You may be a positive person, but if you constantly hang out with negative, fear-based people, you are more likely to become a negative person yourself. Because of this, I now audit the people I spend time with, eliminating or limiting my time with people who don’t share the same work ethics or values.
In this interview with Marie Forleo, Dr. Ned Hallowell talks about the concept of lilies and leeches.
Lilies, by his definition, are people or projects that are worth the time and energy you invest in them. Leeches are people and projects that aren’t worth it, and often provide no return on the investment you put in. In order to have time for your lilies, you gotta get rid of leeches.
Some leeches, however, might be more difficult to get rid of, or you may not want to cut them off from your life completely. Like family, for example. But you can always control how much time you spend with them. And if a person is seriously bringing you down, you should consider cutting them off.
Like Dr Hallowell says, “You don’t owe it to the leech. Let someone else give him/her their precious life blood.”You don’t owe it to the leech. ― Dr. Ned Hallowell Click To Tweet
In my life, my most prominent lilies are my husband, my dad, and my friends Maritza and Stacy. No matter how hard life gets, they’re always there for me. It’s an equal exchange. We support each other’s dreams. Combined, they represent qualities I would like to pass on to my children, such as resilience, kindness, and hard work.
Self-help author Bob Proctor states the following:
“Take a look at your five people that you’re with most often, and ask yourself, If I have children would I want them to grow up and be like them? If the answer is no, you better start looking for some new friends.
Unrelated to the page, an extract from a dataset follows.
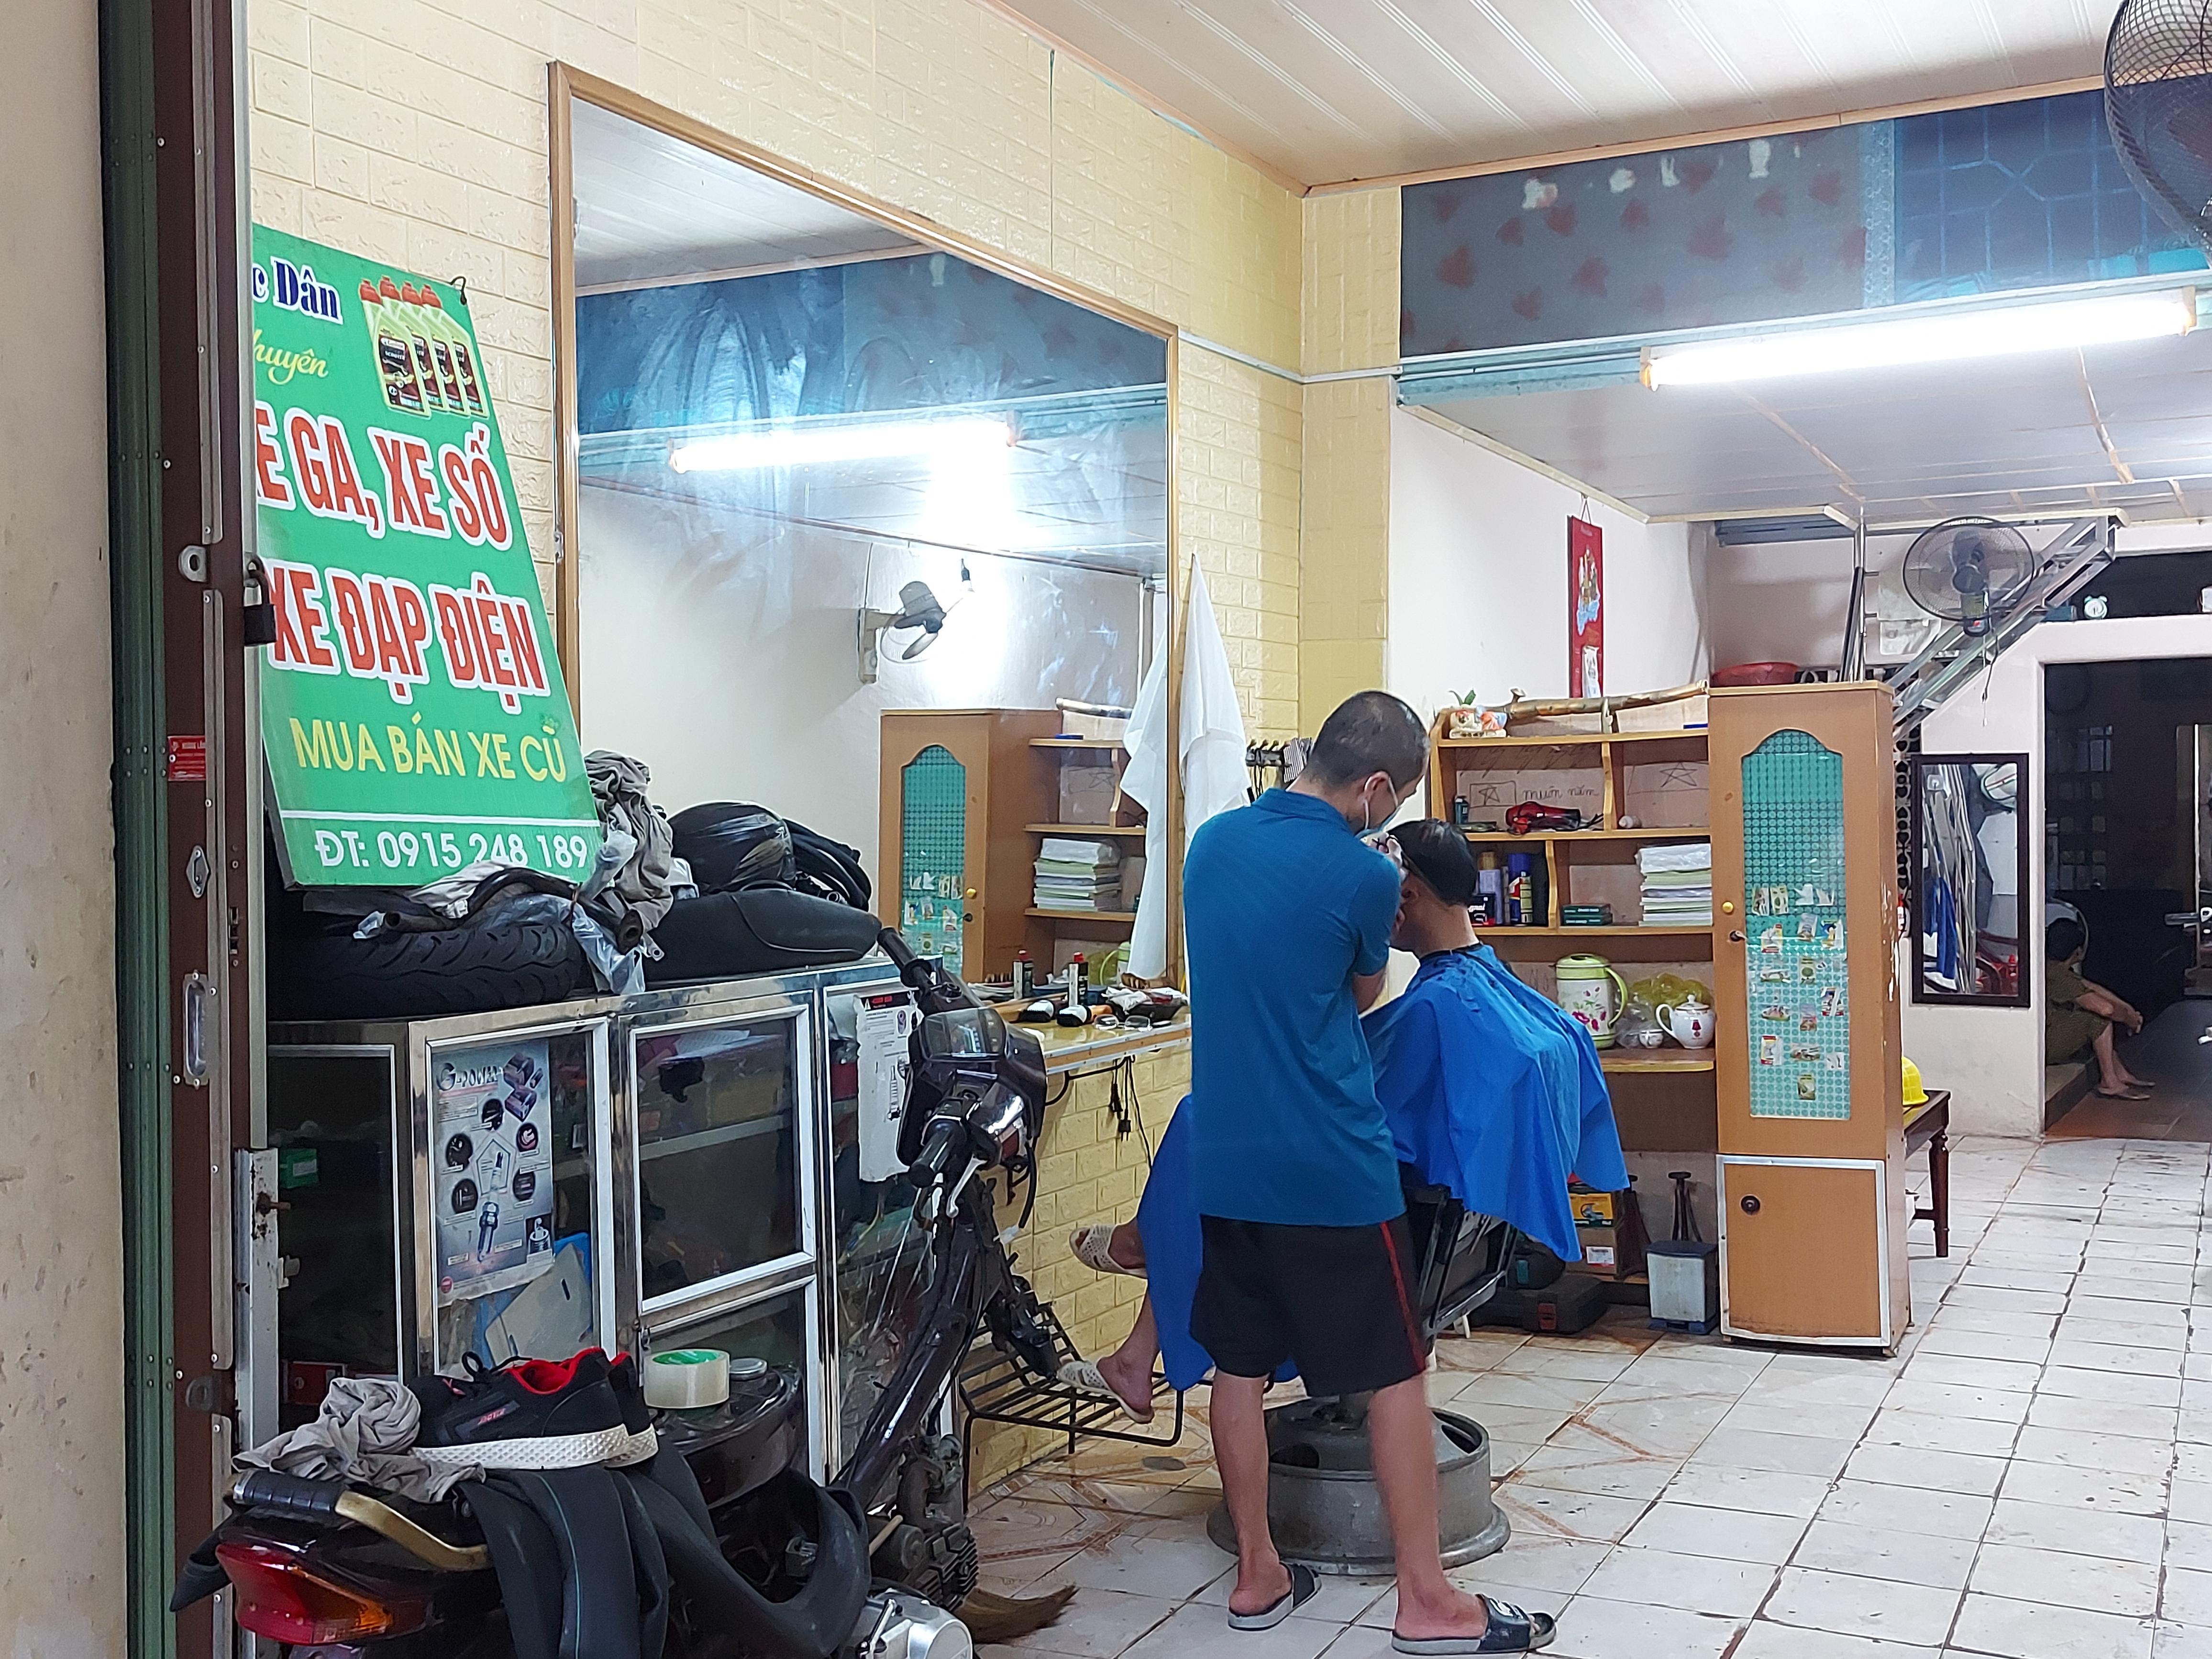 Kết thúc 13 ngày giãn cách, nhiều người dân TP Thanh Hóa đến tiệm cắt tóc để 'tu sửa' lại mái đầu của mình.

If the answer is yes, you’re already in the right circle of people.”
Just as I am selective with my own network, I also try to be one of the five people to someone else.
One positive influence I have on others is that almost everywhere I’ve lived, I’ve encouraged people to work out. During college, I invited my roommates to work out with me. We met every day in the living room at 7 pm, and did the Insanity workout together. When I was a teacher in a kindergarten, and I asked my colleagues if they’d like to work out after classes. To my surprise, they all said yes! We were often tired after a long day of teaching, but we all committed to a workout. Also, while living here in Groningen, I’ve encouraged multiple friends to exercise. Most importantly, they all saw results, which gave them momentum to continue to work on their fitness.
If you don’t have a strong social circle, the good news is that you can find your community online! But keep in mind, social media platforms can have a positive or negative influence on our behavior. They affect our self-esteem and our decisions.
Take Instagram, for example. When you spend hours looking at stories of people you follow, you’re exposed to their ideals, which can influence the books you read, the podcasts you listen to, and even the food you eat. This type of exposure is almost like interacting with these people.
They key to having a positive experience with social media is to follow like-minded people, people you admire, or people who share a similar goal. Every now and then, I like to declutter my social platforms, unfollowing people with whom I no longer resonate.
If you have friends that don’t share your work ethic or mindset, it may be time to reconsider their role in your life. Just because you’ve known someone for a long time, doesn’t mean they still need to be your friend. Some people are meant to be in our lives only for a certain period of time. Some people will come and go as the stages of our life change, and some will stay.
As I grow older, I value my time more, and likewise the people in my life. I like to have a big network but a small circle. My circle is made up of people I can completely trust with my emotions, and they’re genuinely interested to know what’s going on in my life.
What about you? Have you identified your core circle? What are the top qualities the people in your life represent? Do they make you want to be a better person, or do they drag you down? Let me know in the comments.